WORK TO BE COMPLETED:
When you reach a picture, skip it, and retype every line below exactly.

GIVEN DATA:
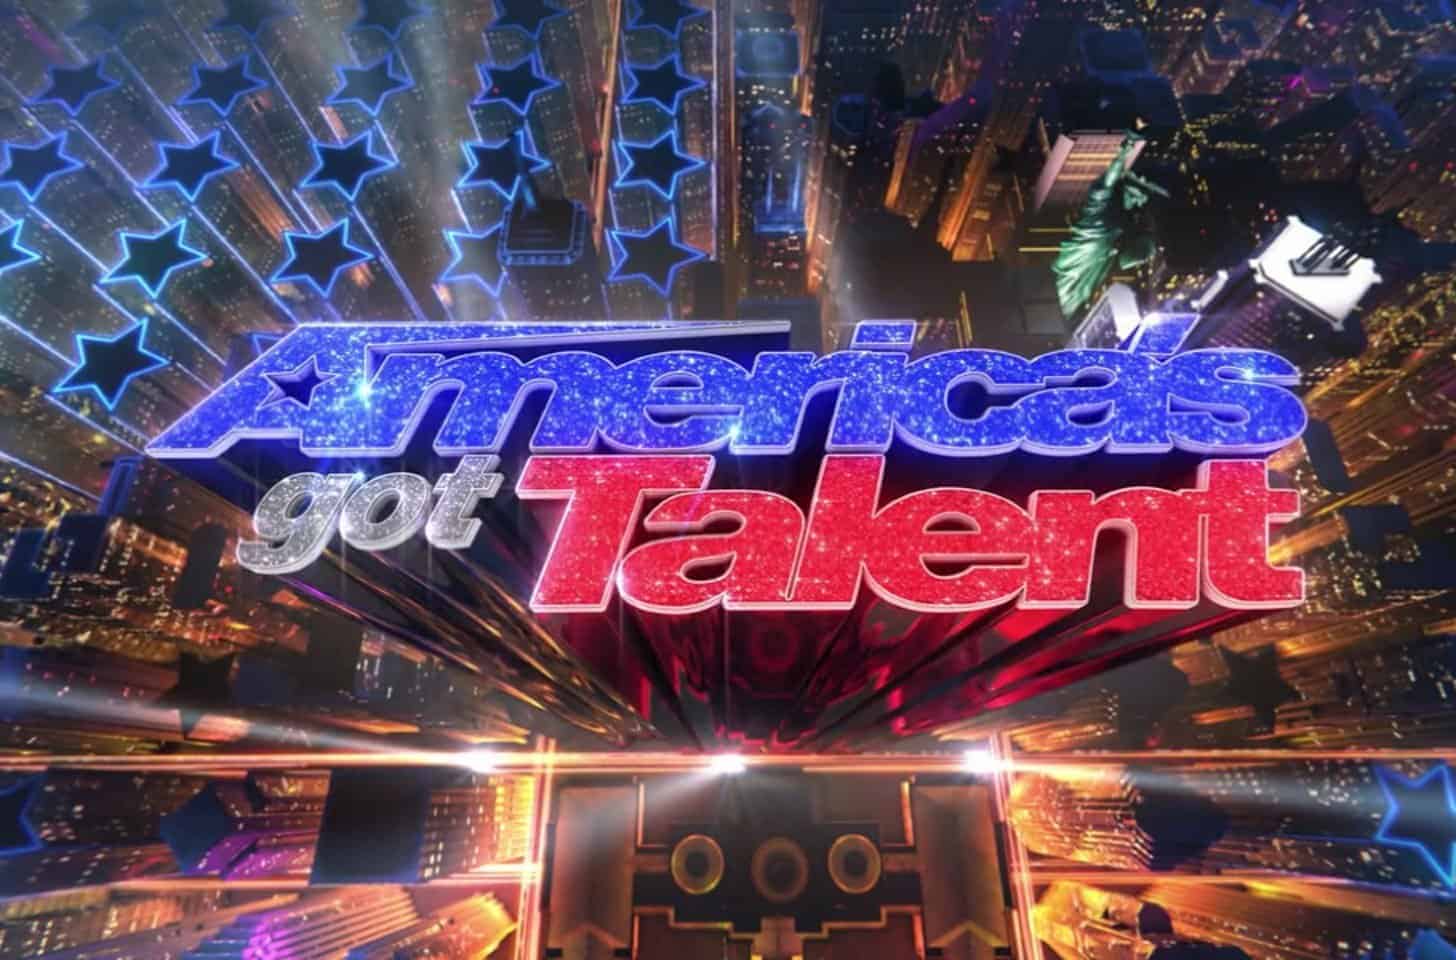 Everything You Need to Know About “America’s Got Talent”
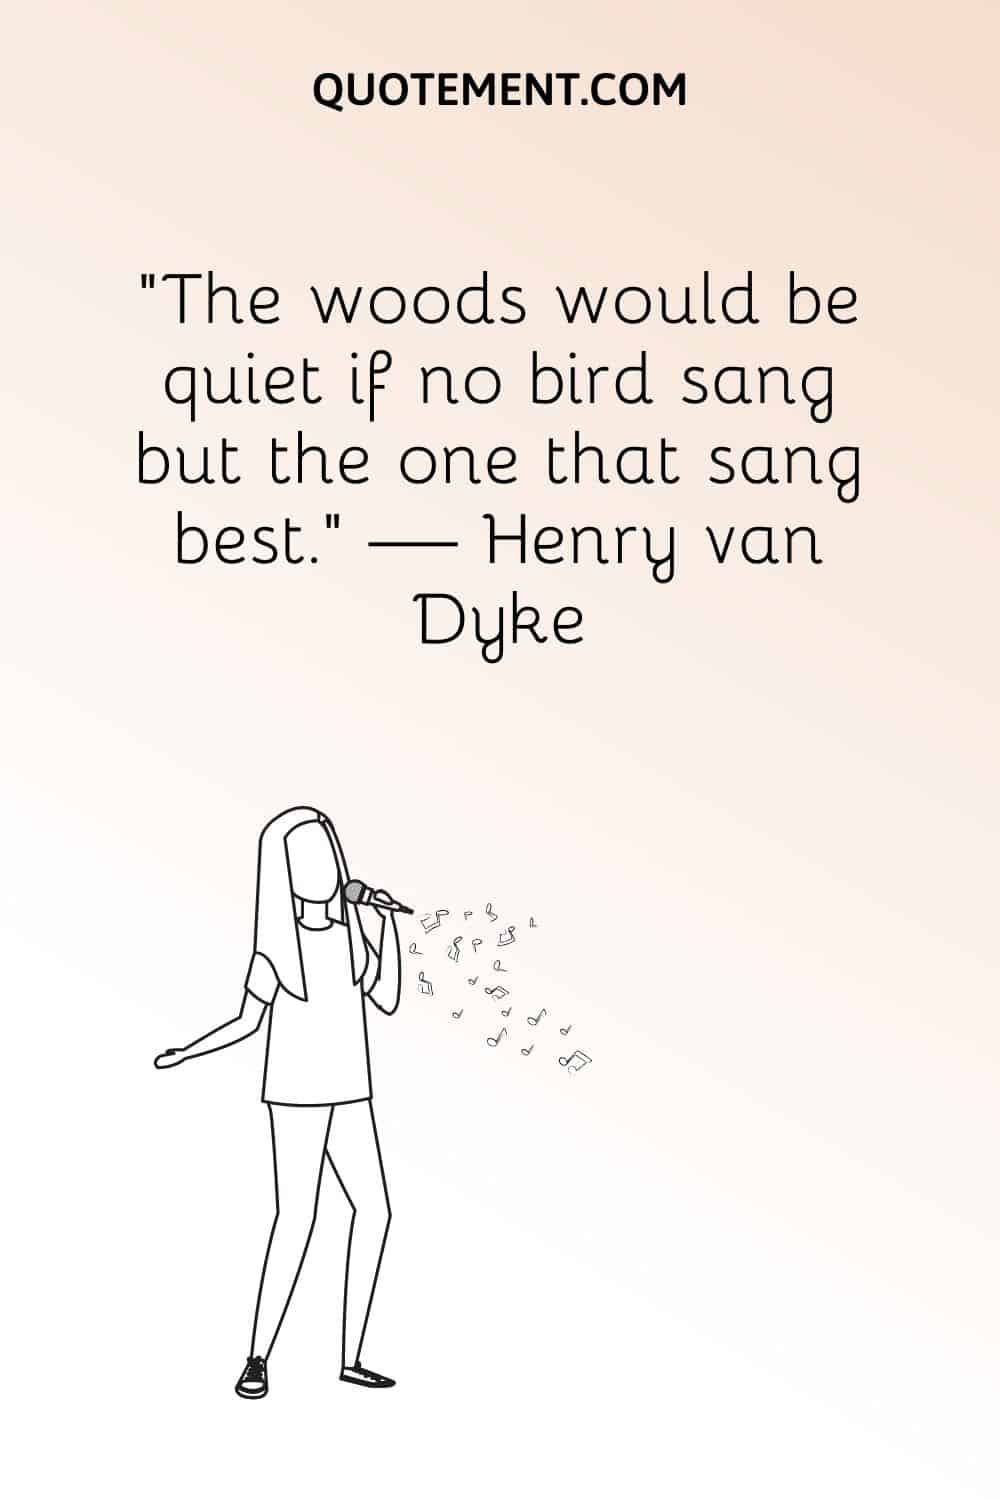 illustration of a woman singing representing singing quote
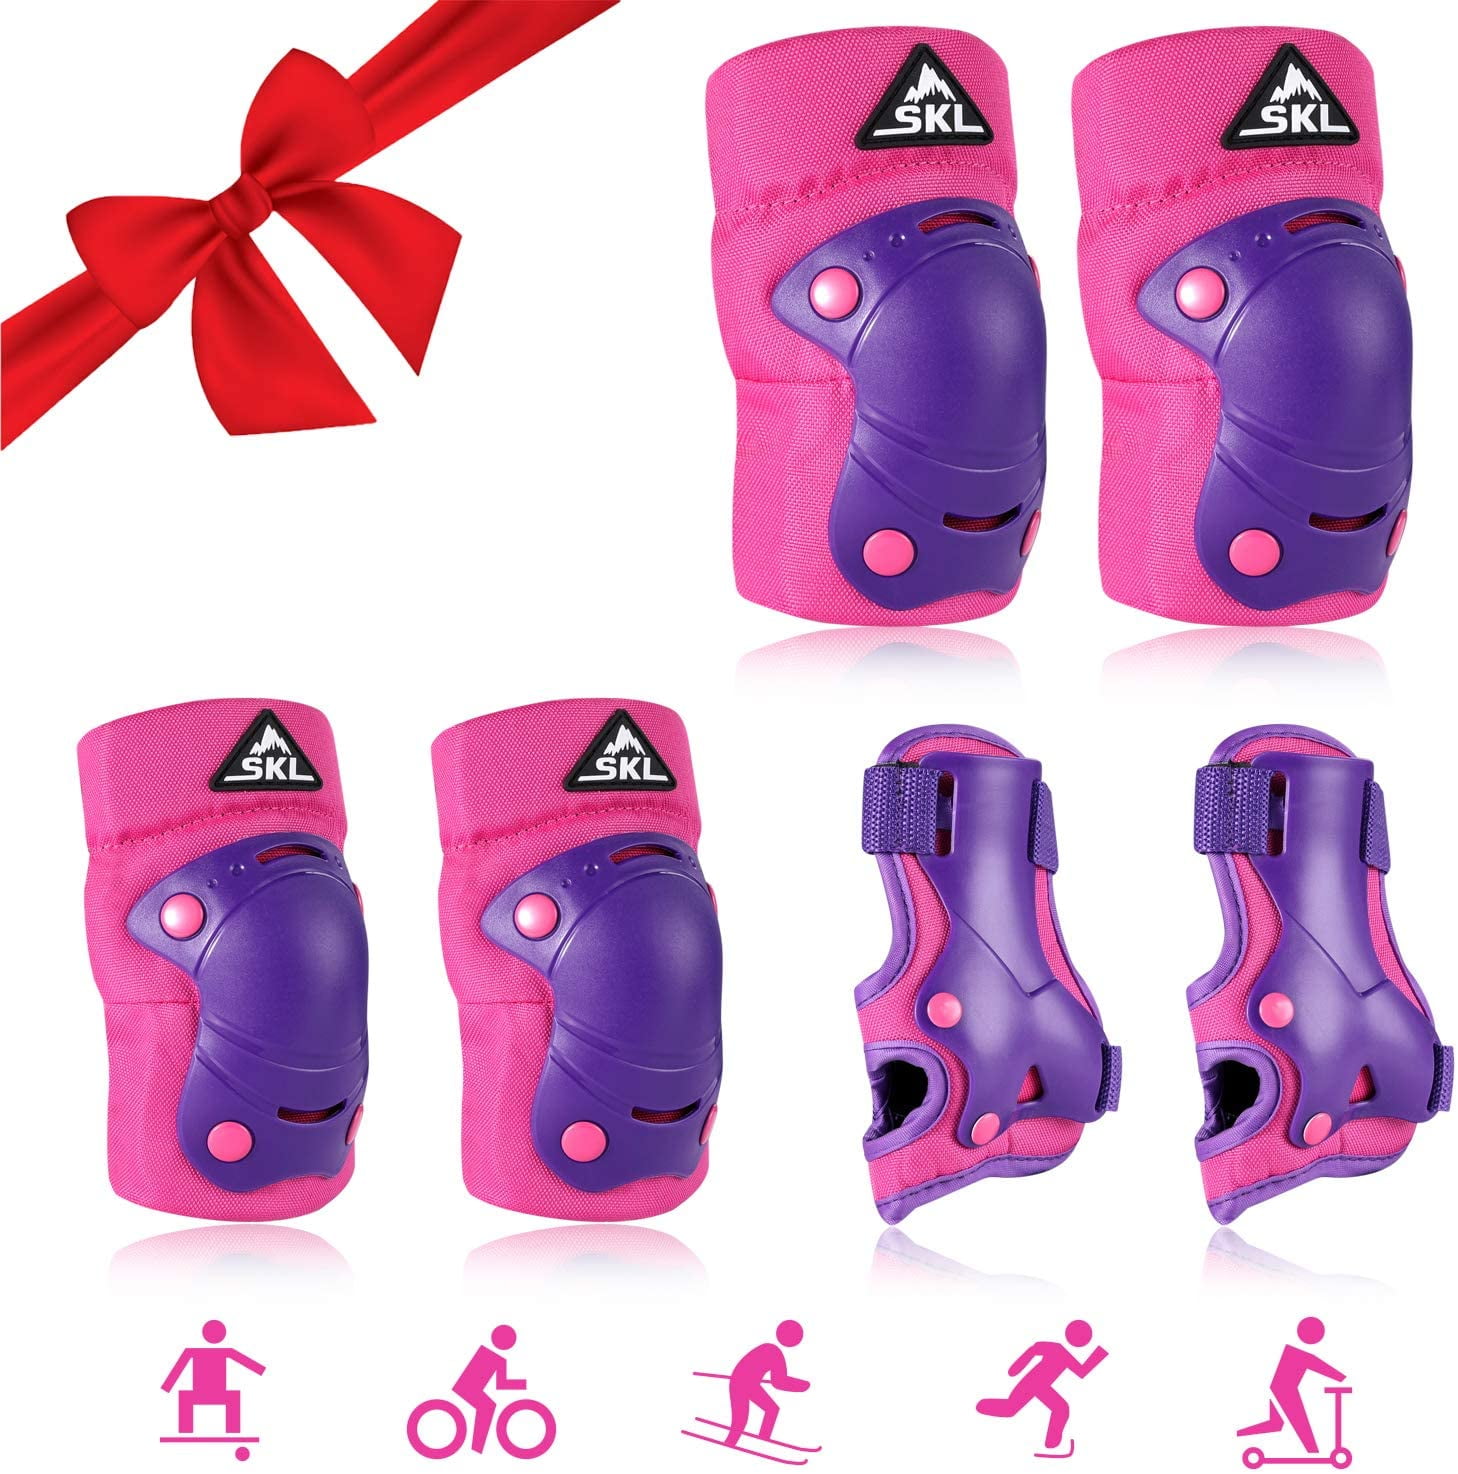 Knee Pads Elbow Pads Ages 3-6 Toddler & 5-8 Kids,6 in 1 Protective Gear Safety Set with Wrist Guard for Cycling Skateboard Roller Skating Scooter Bike Ski Sports Boys Girls 
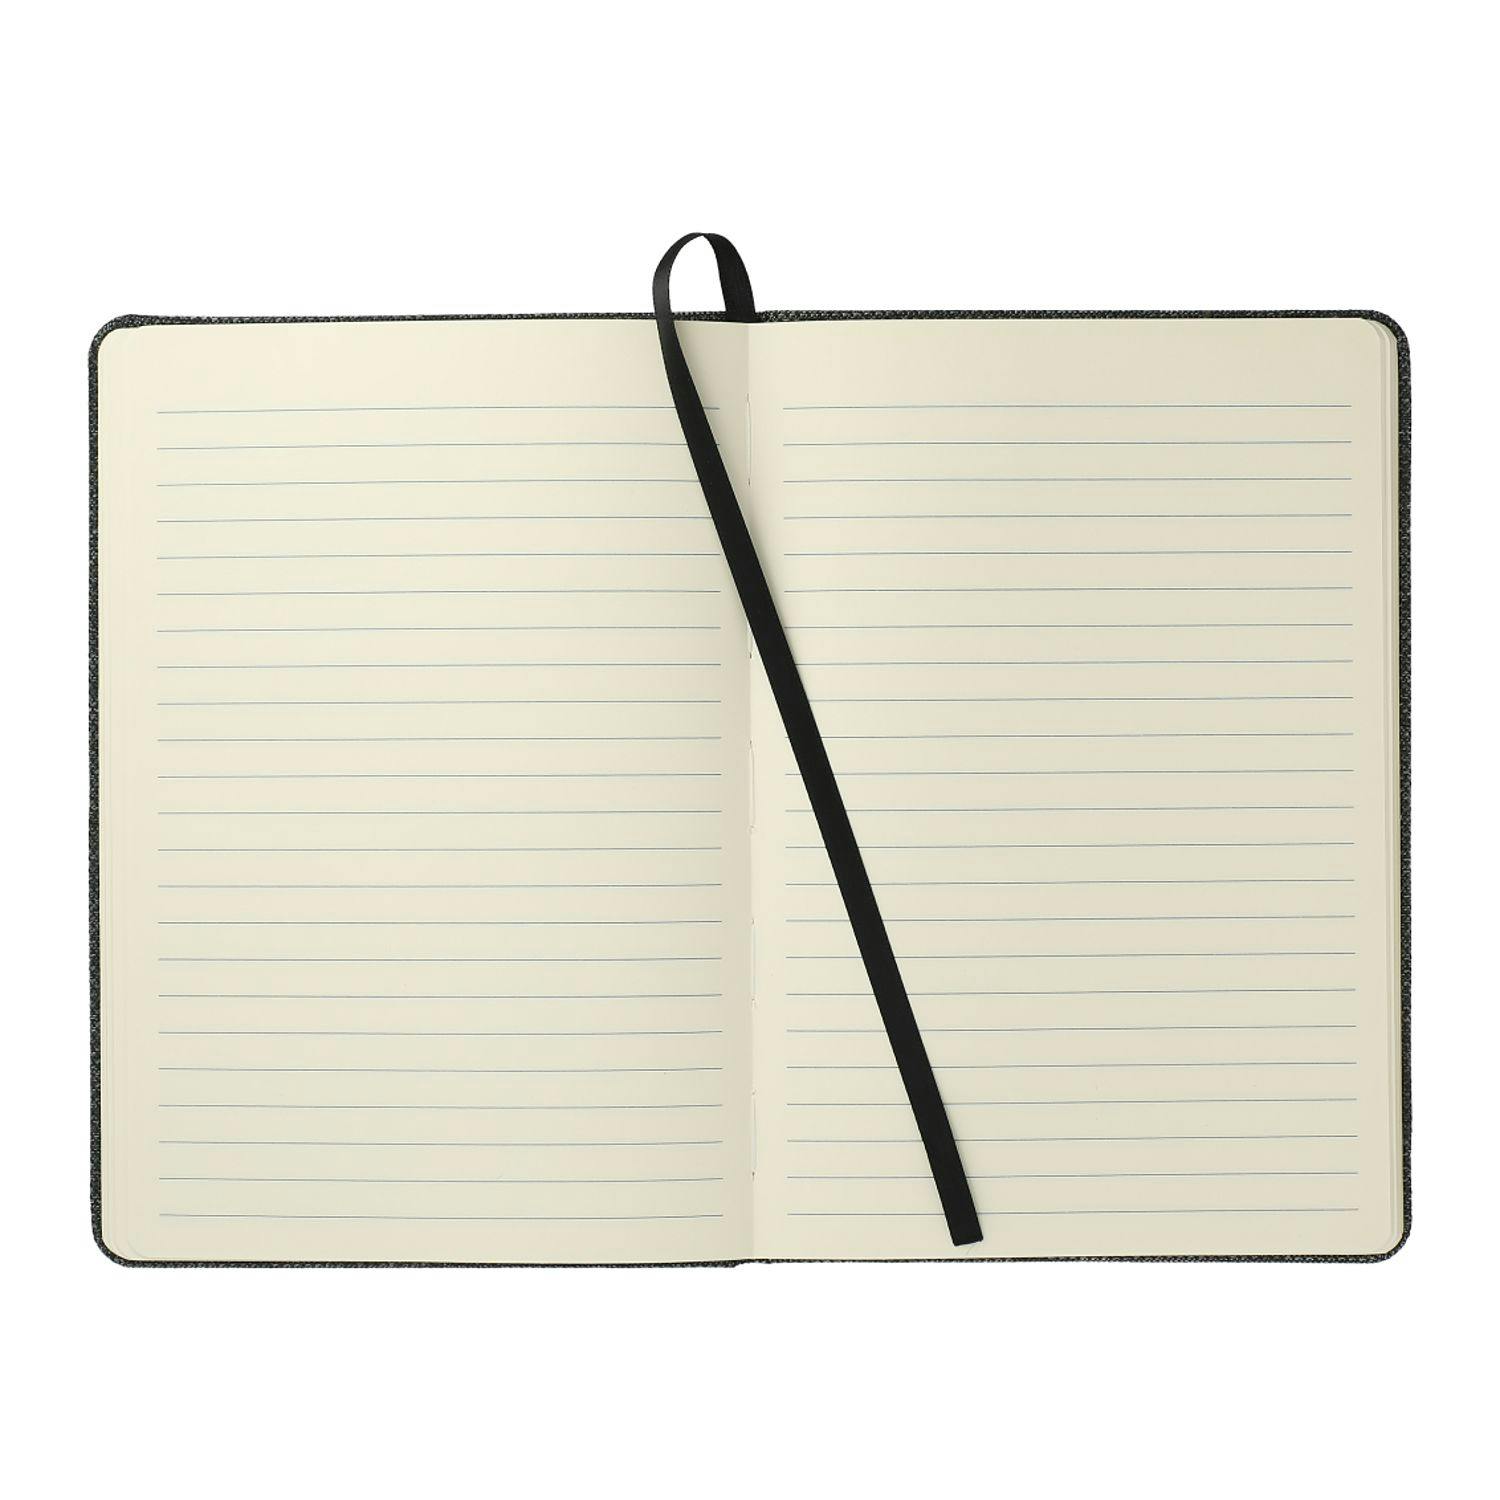 5.5” x 8.5” Vila Recycled PET Bound Notebook - additional Image 3

RESPONSE TO THE TASK:
 Everything You Need to Know About “America’s Got Talent”
 illustration of a woman singing representing singing quote
 Knee Pads Elbow Pads Ages 3-6 Toddler & 5-8 Kids,6 in 1 Protective Gear Safety Set with Wrist Guard for Cycling Skateboard Roller Skating Scooter Bike Ski Sports Boys Girls 
 5.5” x 8.5” Vila Recycled PET Bound Notebook - additional Image 3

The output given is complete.